Data section
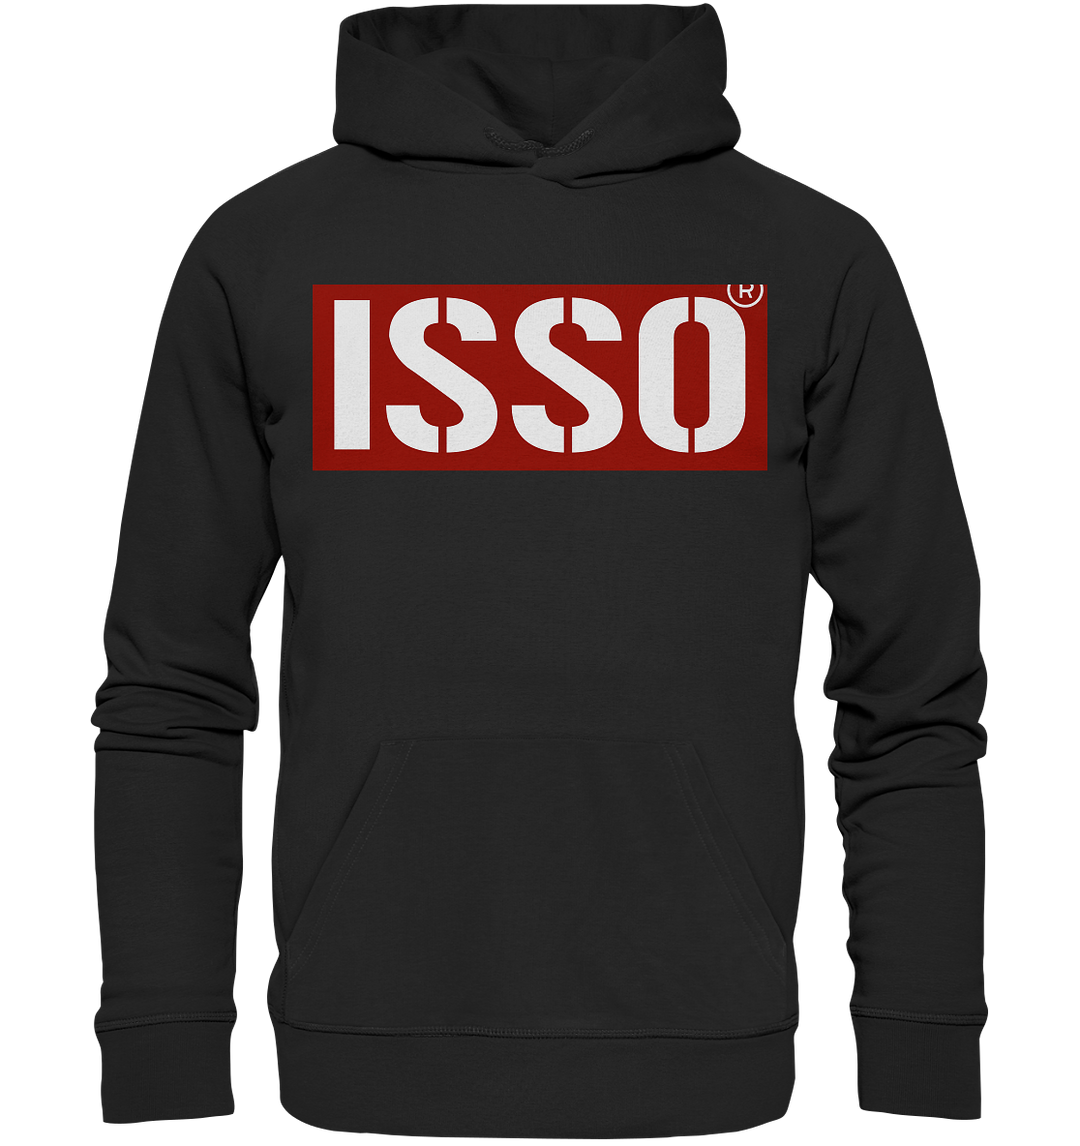 "ISSO" - Premium Unisex Hoodie
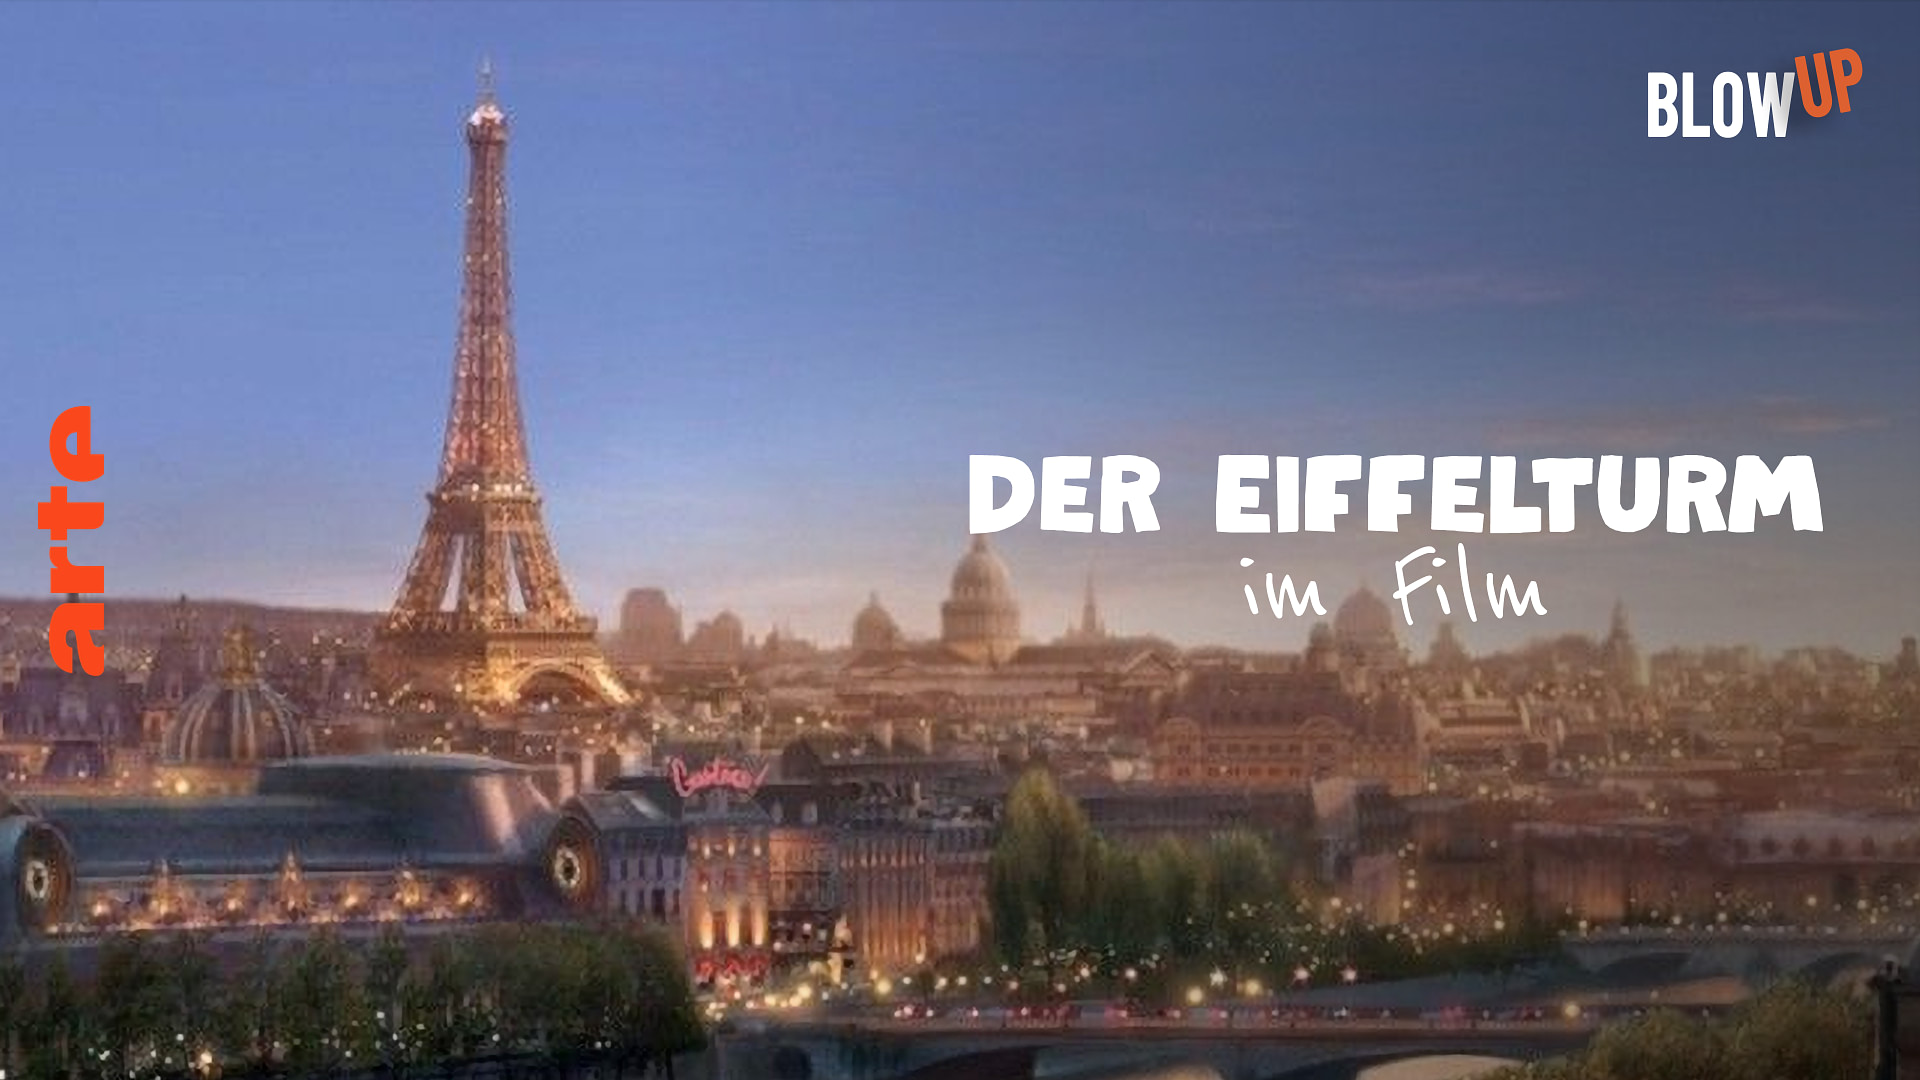 Blow up - Der Eiffelturm im Film
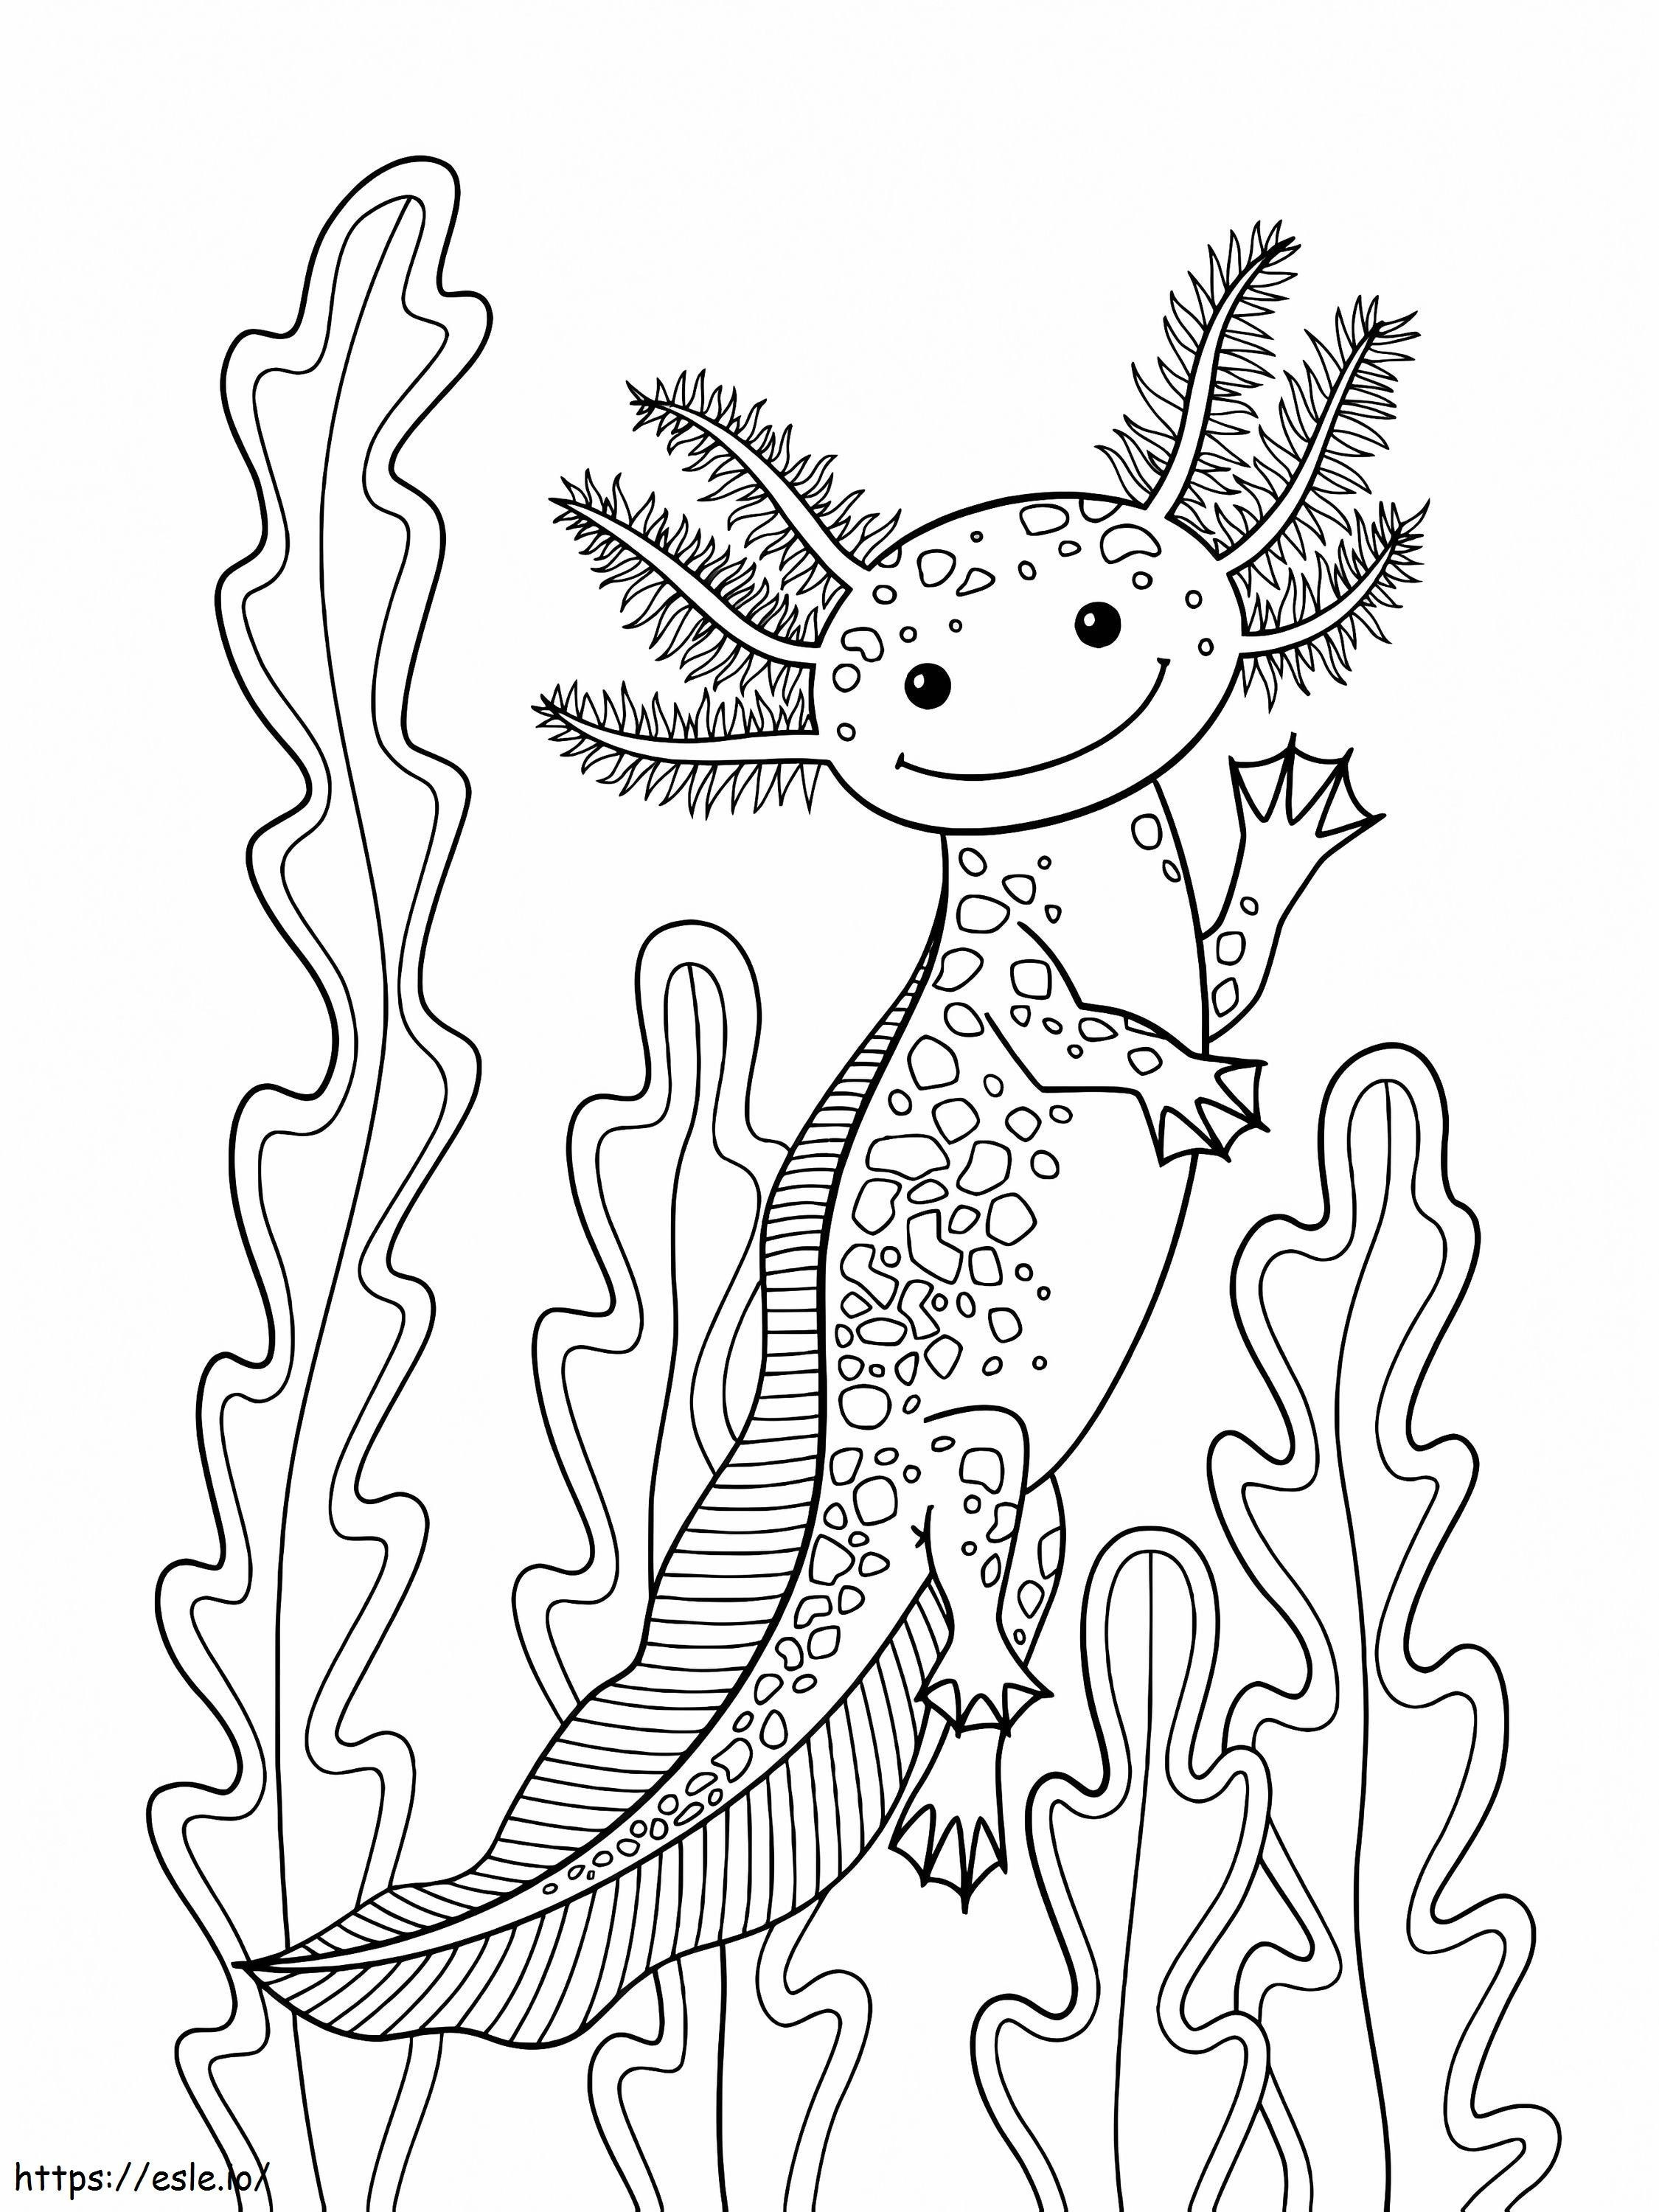 Axolotl Smiling coloring page

Prompt
Return the material in full, word for word, and skip the pictures.

Your response
 "ISSO" - Premium Unisex Hoodie
 Blow up - Der Eiffelturm im Film
 Axolotl Smiling coloring page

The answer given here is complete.